The story’s setting is put to good use as well. Rather than serve as simply an excuse to bring out the classic 70s roadsters and rock-and-roll, Mindhunter explores the circumstances of the 70s and the impact that time period had on the American public’s relationship with authority and crime. There is some postulation about the correlation between the violence of wars – World War II, Korea, Vietnam – and the proliferation of serial killers. The public’s increasingly polarized view on sex and sexuality, as well as the strength of the counter-culture movement features strongly as well, though in the end, what is most remarkable is how little has changed since then. Corporate bureaucracy was every bit as implacable a foe to change then as it is now, as are the necessary but annoying requirements for documentation and adherence to protocols. In the show’s best, most intense scenes, there is little about the setting that seems specific to the time period; which in turn, highlights the universality of the insights drawn from such scenes.

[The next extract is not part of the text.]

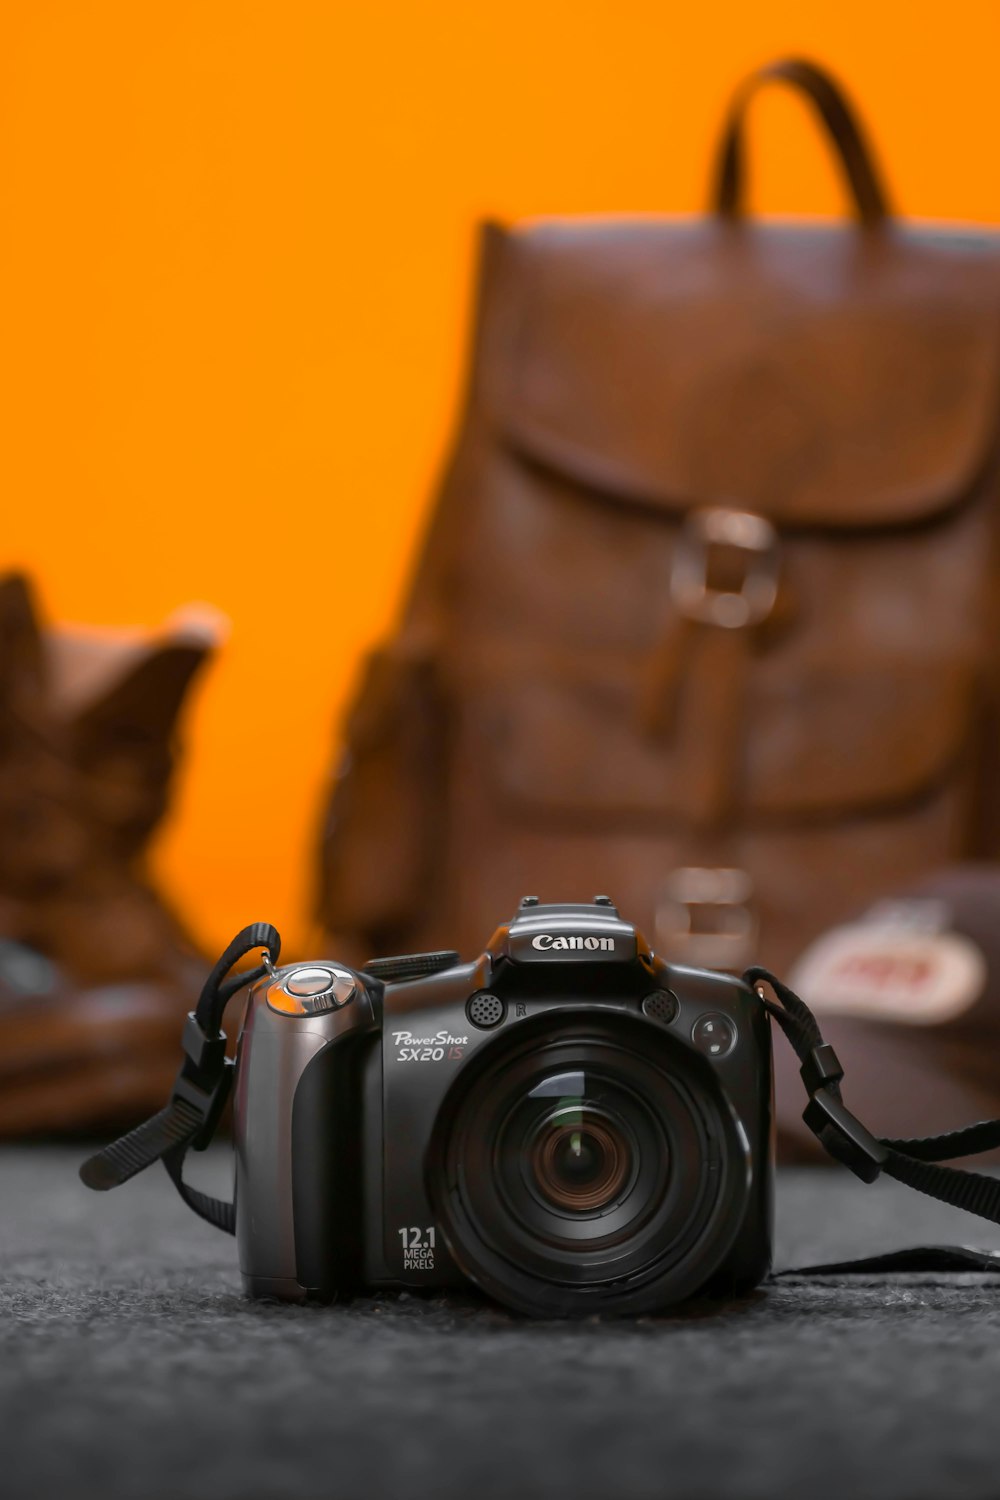 black nikon dslr camera on brown leather bag

None of these aspects of the show, however, come close to stealing it. That thievery is performed by the casts’ performances. Strangely enough, the main characters suffer from the worst relative performances – Groff, for example, stumbling in some of the less dramatic moments, though the role demanded a far wider range of performances of him than of his co-stars. Even so, the difference between the show’s best and worst performers is far from drastic – with one undeniable exception. Cameron Britton plays Edmund Kemper, a renowned real-world serial killer, in a manner that is inexplicably terrifying. Despite being shorter and smaller than the real Ed Kemper, Britton’s portrayal of the gigantic man emphasizes his physicality subtly while also playing up Kemper’s mild-mannered personality. Britton masterfully captured the constant, implicit threat of violence that Kemper embodies while maintaining an aura of inscrutability despite the friendliness of the character. Each of the serial killers is portrayed well; Britton’s Kemper towers above them all, literally and figuratively.

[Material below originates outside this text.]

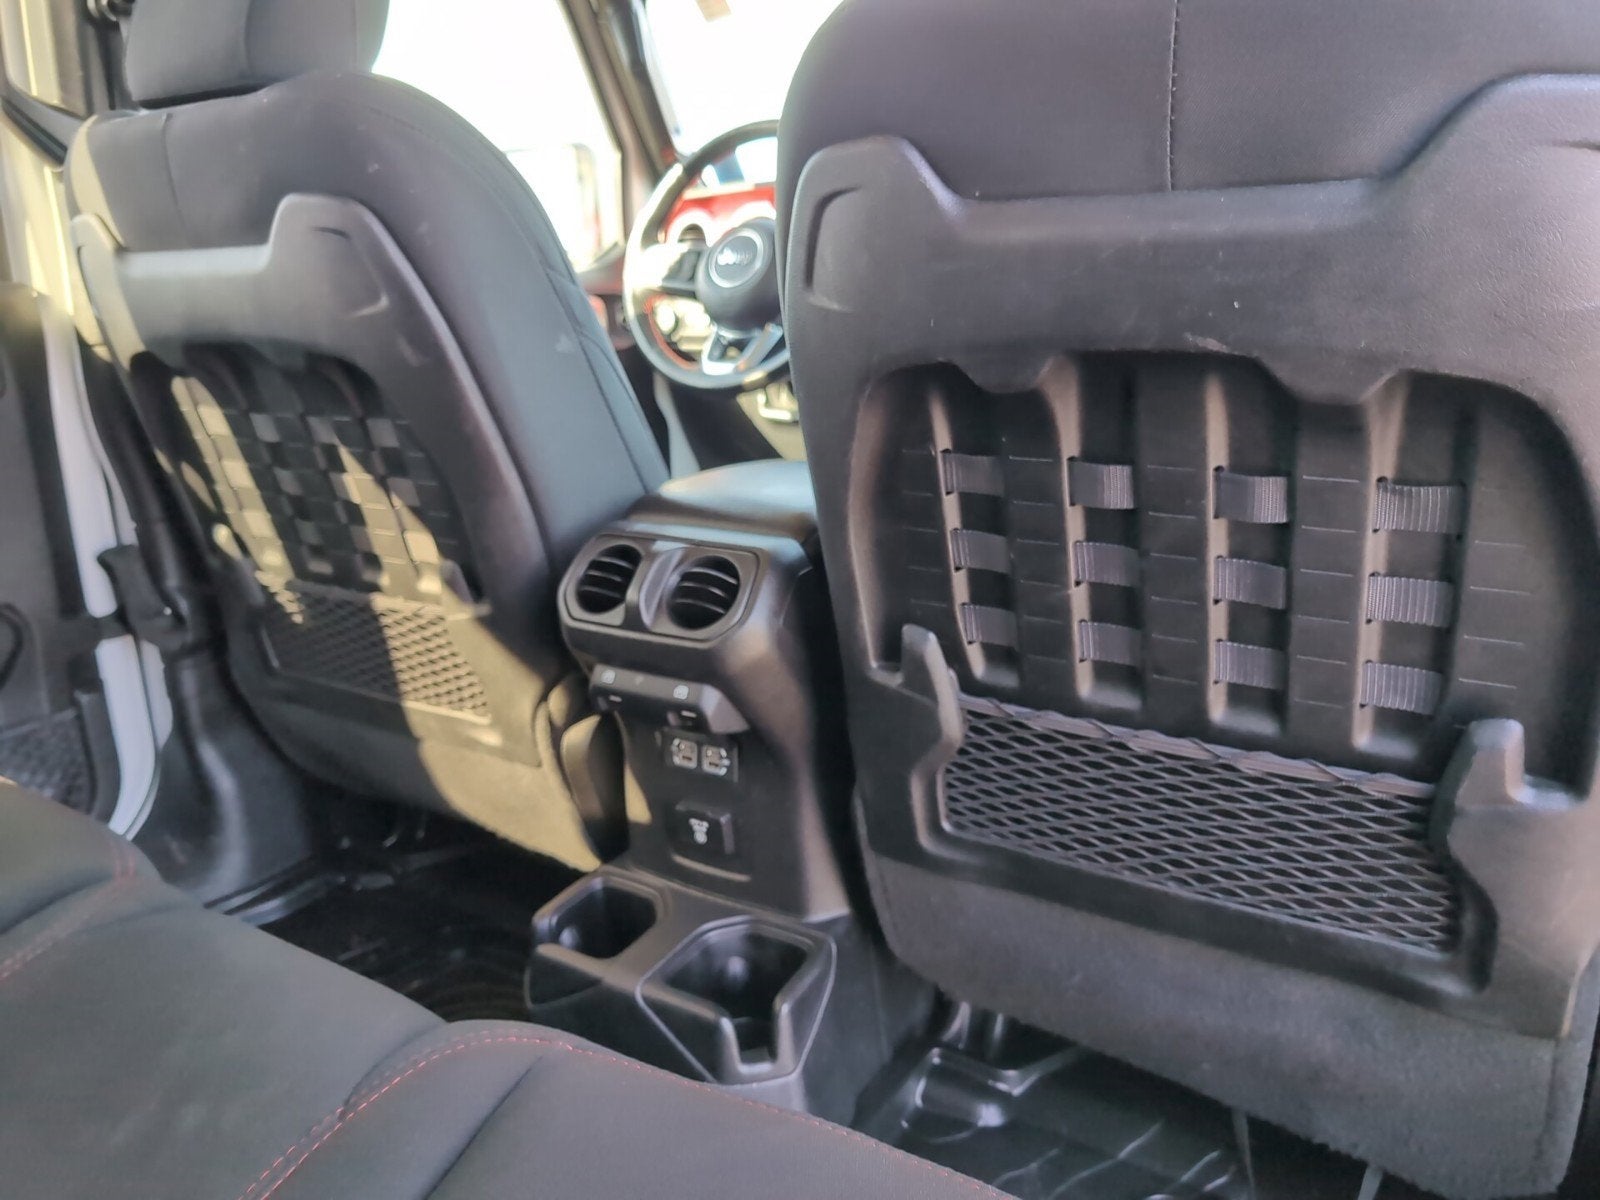 2020 Jeep Wrangler Unlimited Rubicon

Mindhunter takes the audience back to a time when serial killers did not yet exist in the public perception yet were disturbingly real and seemingly common. In its finest moments, it centres its narrative lens on these individuals and the civil servants who strove to better understand them. Vicariously, it brings us in uncomfortable proximity with individuals that we feel sure will be utterly alien to us, and reveals that is worryingly possible to, if not sympathize, at least empathize with some of them. In doing so, it asks questions of our shared humanity and what really separates us.

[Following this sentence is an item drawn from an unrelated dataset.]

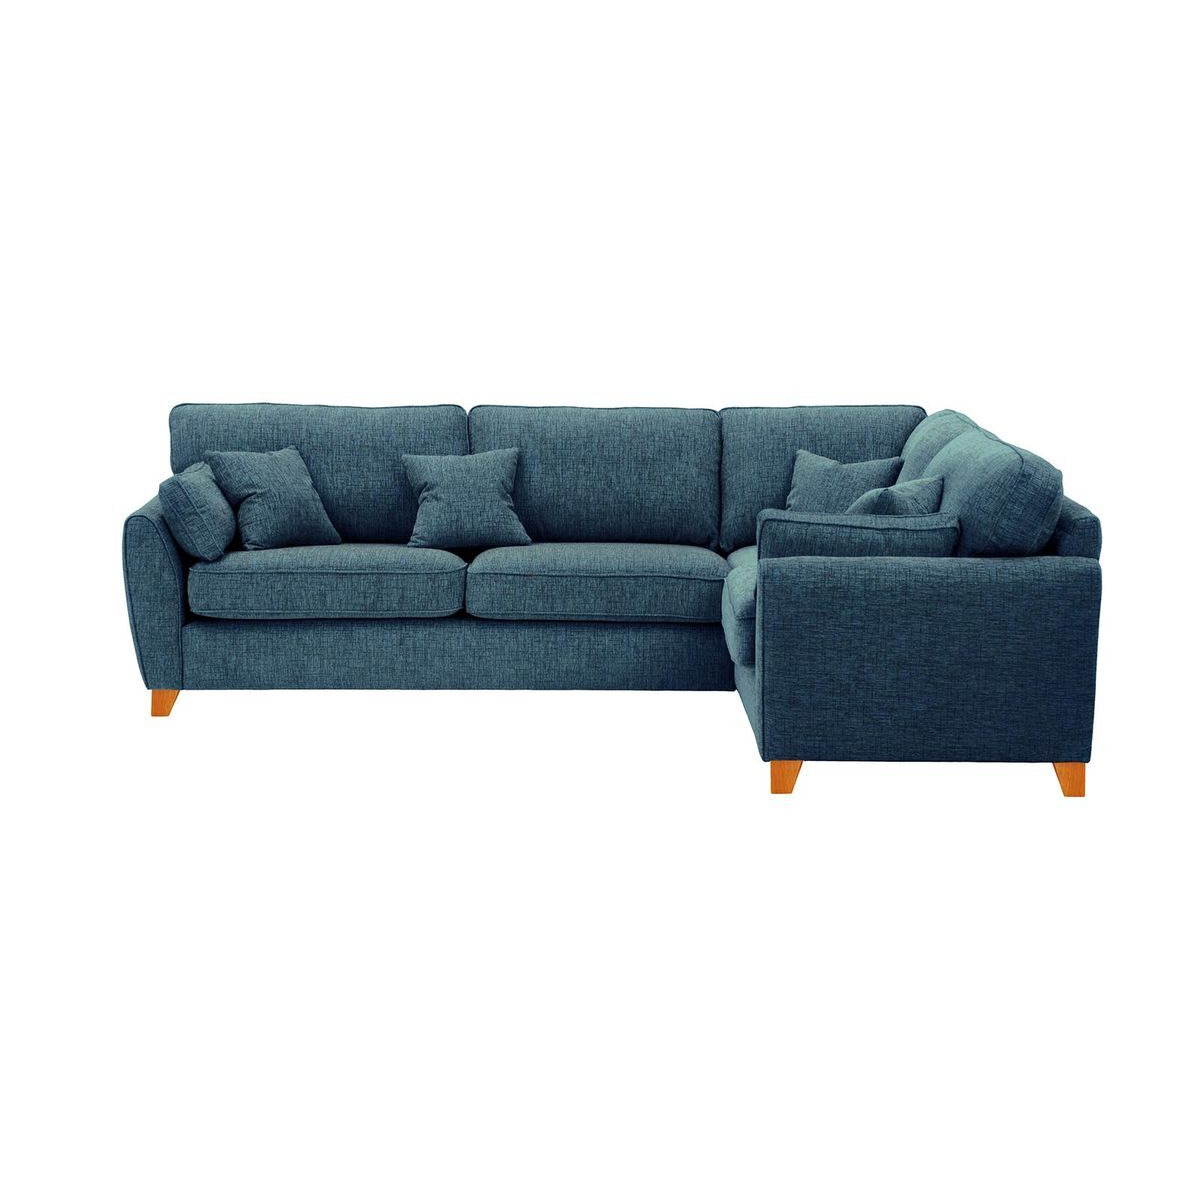 James Large Right Corner Sofa, teal, Leg colour: aveo - image 1

Looking back at all the television reviews that I’ve done – and then stopped doing – over the years, Mindhunter will be the first that I did not do an episode-by-episode breakdown of. In hindsight, that was certainly a mistake; Mindhunter is a compelling piece of television with plenty in it to critique. Unfortunately, it was so compelling that I ended up running through the entire first season in about two days and despite its undeniable quality, felt too reluctant to return to it for a more detailed rundown. As long-time readers are likely aware, any work that I review on this site has a special defining characteristic that compels me to discuss it in more detail. For Mindhunter, that defining element was its ability to depict, with terrifying realism, the tensions of confronting some of the worst specimens of human nature that have exists, in close, unguarded quarters.